Crowther conducted the researcher with scientists from University of Boulder, Colorado and the University of Kentucky.

When a forest is lost due to logging or other forms of deforestation, a significant amount of carbon stored within the soil is unleashed. As the microbial community in a newly deforested area changes, even more carbon will be released, the researchers report, noting that this additional CO2 escaping into the atmosphere has the potential to exaggerate global warming.

Following deforestation, the soils most prone to releasing excess carbon are sandy soils, which retain less nutrients and have larger particles with less surface area. In muddy, clay-like soils, the particles have greater surface area to bind nutrients and water, allowing these soils to retain more nutrients and organic matter.

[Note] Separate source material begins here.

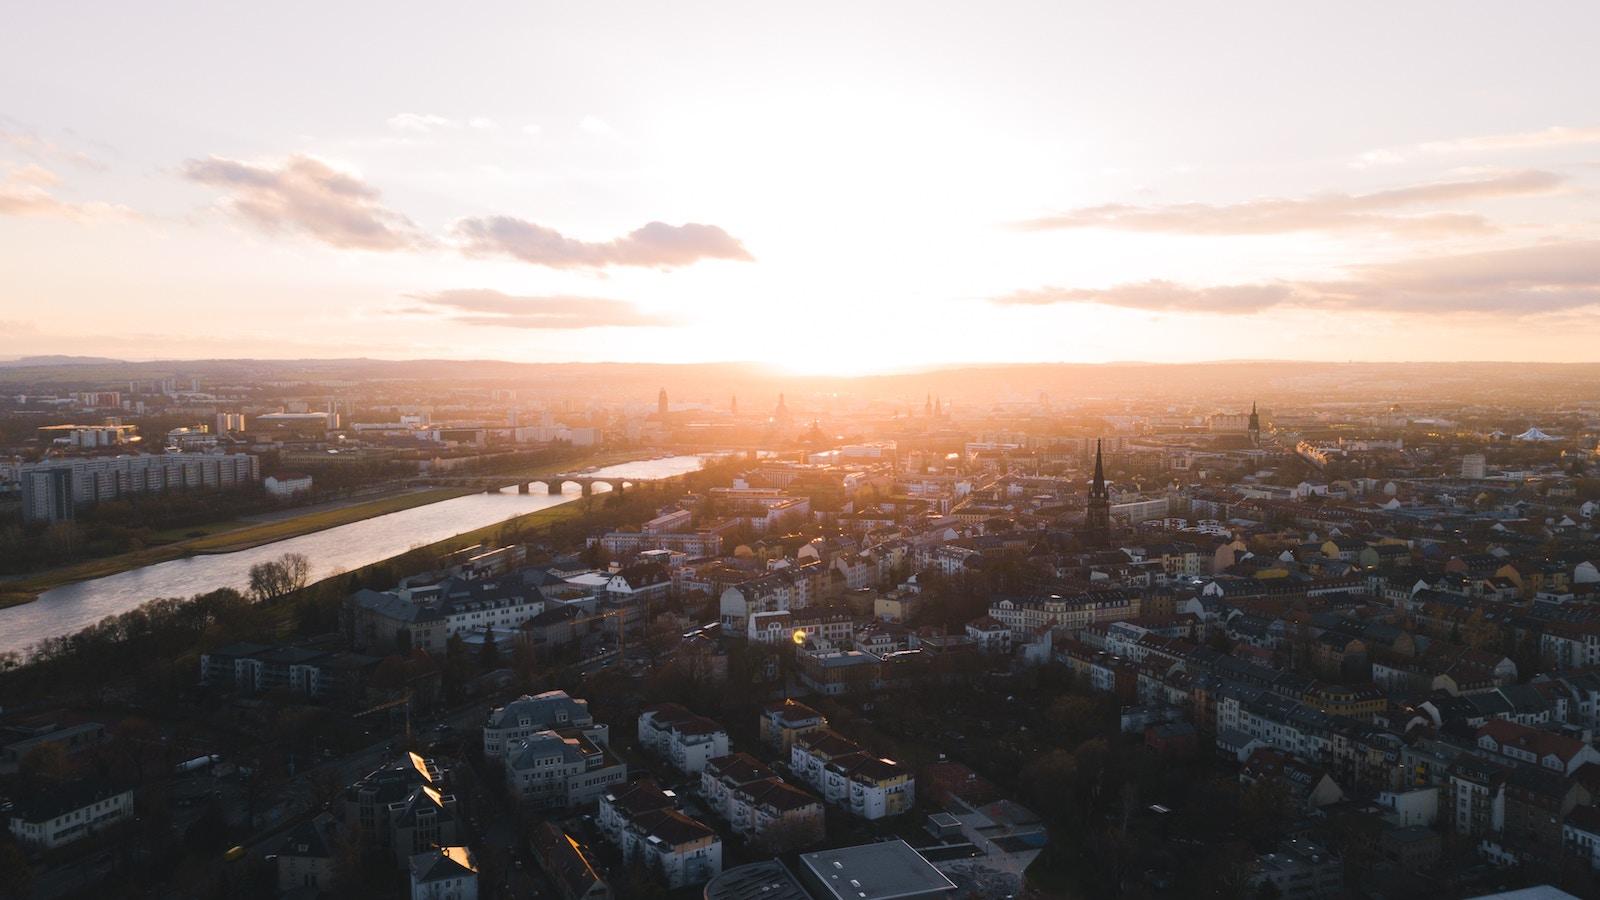 Kurierdienst Dresden

"If you disrupt the community in a sandy soil, all of the nutrients the microbes rely on for food are leached away: they're lost into the atmosphere, lost into rivers, lost through rain," Crowther said. "But in clay-like soil, you can cut down the forest and the nutrients remain trapped tightly in the muddy clay."

Surprisingly, the researchers found no correlation with how the effects of deforestation on microbial diversity change over time.

"The effects are consistent, no matter how long ago deforestation happened," Crowther said. "In a clay soil, you cut down the forest and the nutrients are retained for long periods of time and the community doesn't change. Whereas in a sandy soil, you cut down a forest and the community changes dramatically within only a couple of years."